В чайном домике — своя обстановка. Перед комнатой для чаепития надлежало иметь маленькую прихожую, где держали воду и посуду. Все принадлежности чаепития вносили в комнату, только когда в них возникала необходимость. В кабинете для медитации и поклонения Будде, согласно Ту Луну, было уместно держать «фарфоровую вазу старинной работы со свежими цветами, чашку с чистой водой, курильницу, каменный светильник, колокол, кресло и прочие предметы, потребные для совершения обрядов и благочестивых размышлений». Ту Лун советует также поставить «соломенную хижину» для обозрения видов, а рядом с ней насадить бамбук или одну-две сосны. Свое особое устройство и подобающее ему место в саду имели домик для купания и прочие постройки, причем в устроении интерьера всех зданий эстетические соображения ставились на первое место.
Кажется, что китайский сад являет собой образ того Родового Человека, первопредка всего человеческого, который прорастает в мир «всей тьмой перебывавших душ», а точнее сказать — бесконечной чередой моментов духовного пробуждения. И не случайно главный принцип устройства сада в Китае есть соответствие, единение или, лучше сказать, сообщительность (
Тысячелетний опыт безошибочно подсказал китайцам гениальный и, как все гениальное, очень простой способ художественного воплощения Хаоса в архитектурных формах. Этот способ заключался едва ли не в полном устранении… самой архитектуры! Последняя сводилась большей частью к строгим и лаконичным, не подверженным капризам моды геометрическим структурам, которые служили размежеванию пространств, но вместе с тем (в силу их легкости и подвижности) предоставляли возможность без труда смешивать и даже стирать ими же прочерчиваемые межи. Архитектура здесь — знак самоустраняющейся реальности, декорум энергетизированного пространства Великой Пустоты. Главное значение в ней имеет не здание само по себе, а отношение здания к окружающему пространству.
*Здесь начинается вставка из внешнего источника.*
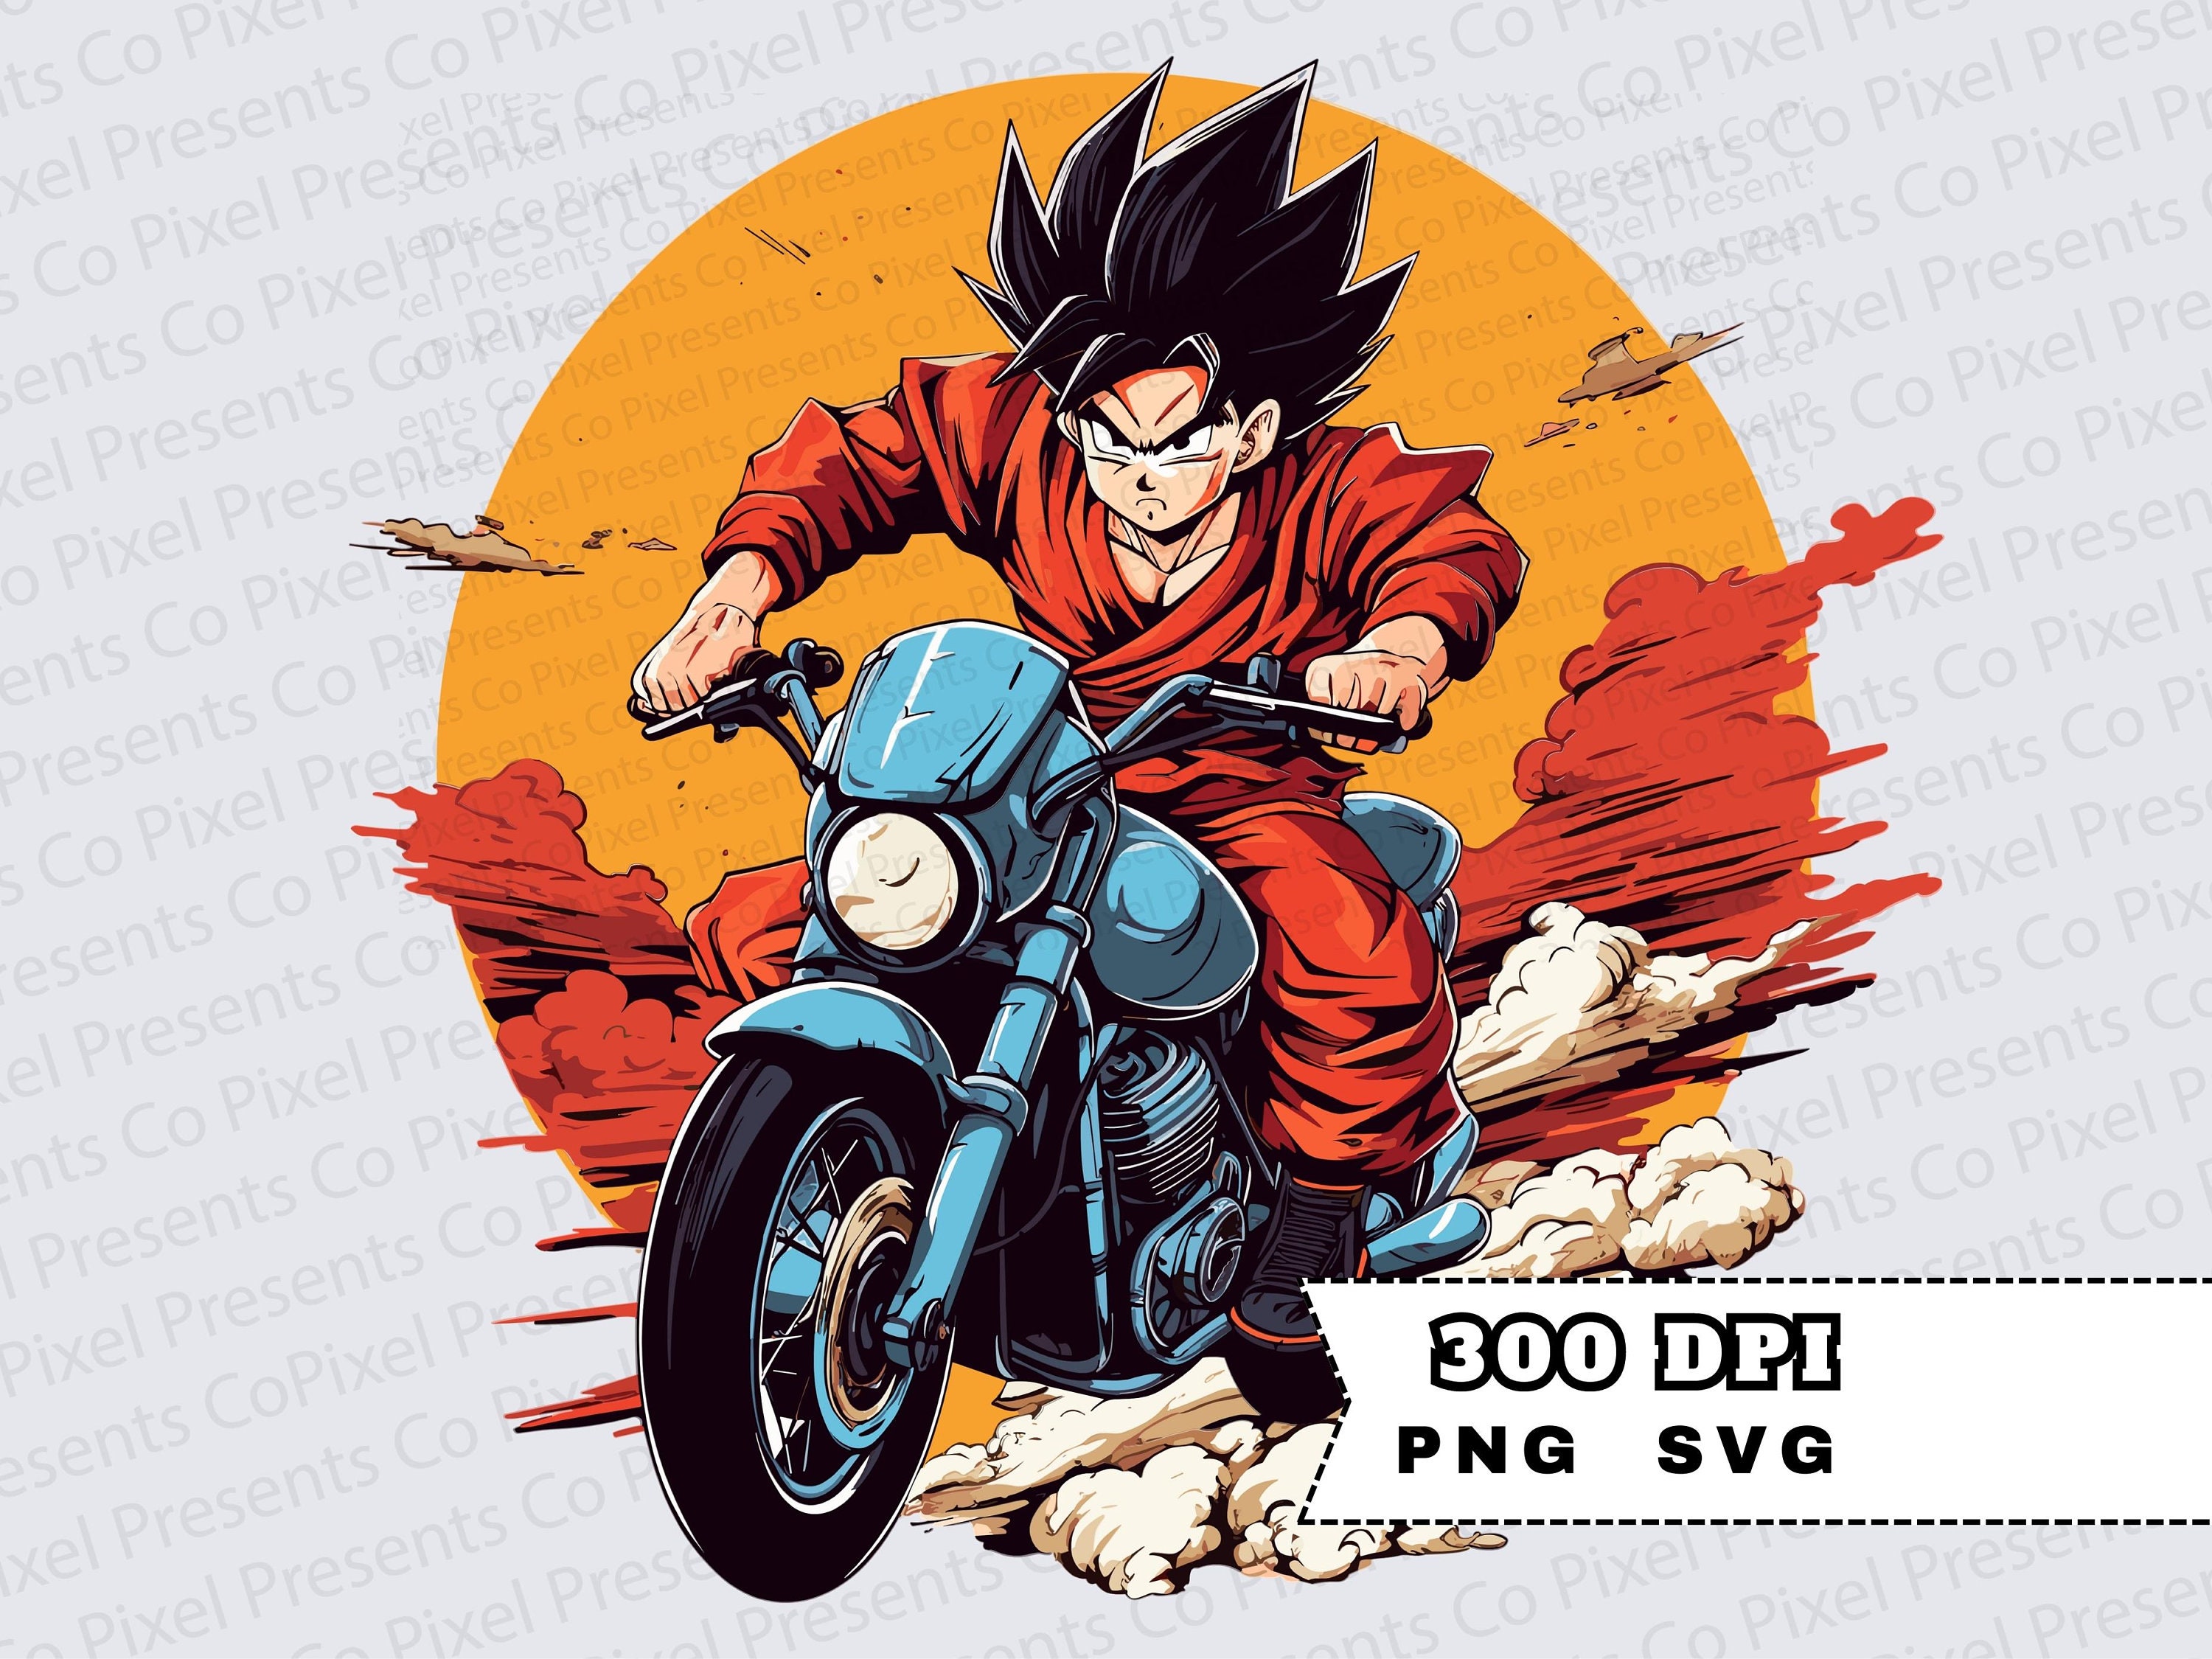 Dragon Ball Z Goku & Goten Enamel Pin - BoxLunch Exclusive, BoxLunch

Здания в усадьбе открывают себя пустоте, реализуя в этом акте самопревосхождения этическое начало, врожденное семейному укладу и, следовательно, — свою символическую природу. Таков смысл использования предметов в китайской традиции как «раскрытия природы вещей» (
В силу указанных обстоятельств китайская архитектура имеет, в сущности, декоративный статус. Как следствие, китайский зодчий обладал большой свободой импровизации, но он импровизировал в конечном счете свое согласие с природой, вечнопреемственность внутреннего видения. Главные достоинства зданий в глазах поклонников изящного быта — те же, что и картин, писанных живописцами-любителями: «неброскость», внушаемое ими чувство «возвышенного уединения» и соответствие окружающей местности. Ли Юй считал стремление воздвигнуть себе помпезный особняк верным признаком духовной скудости. Дом, по его мнению, должен отображать индивидуальность его хозяина, но быть «выстроенным к месту». Ли Юй даже высказывает предложение, чтобы к жилым покоям непосредственно примыкал грот, и тогда, по его словам, внутреннее пространство дома и внешний мир будут «как бы разделены и как бы соединены, а комната и грот смешаются в одно». Надо сказать, что подобный взгляд на архитектуру разительно отличается как от древней традиции симметрично спланированных усадеб Северного Китая, так и от распространенного на Юге типа домов-крепостей.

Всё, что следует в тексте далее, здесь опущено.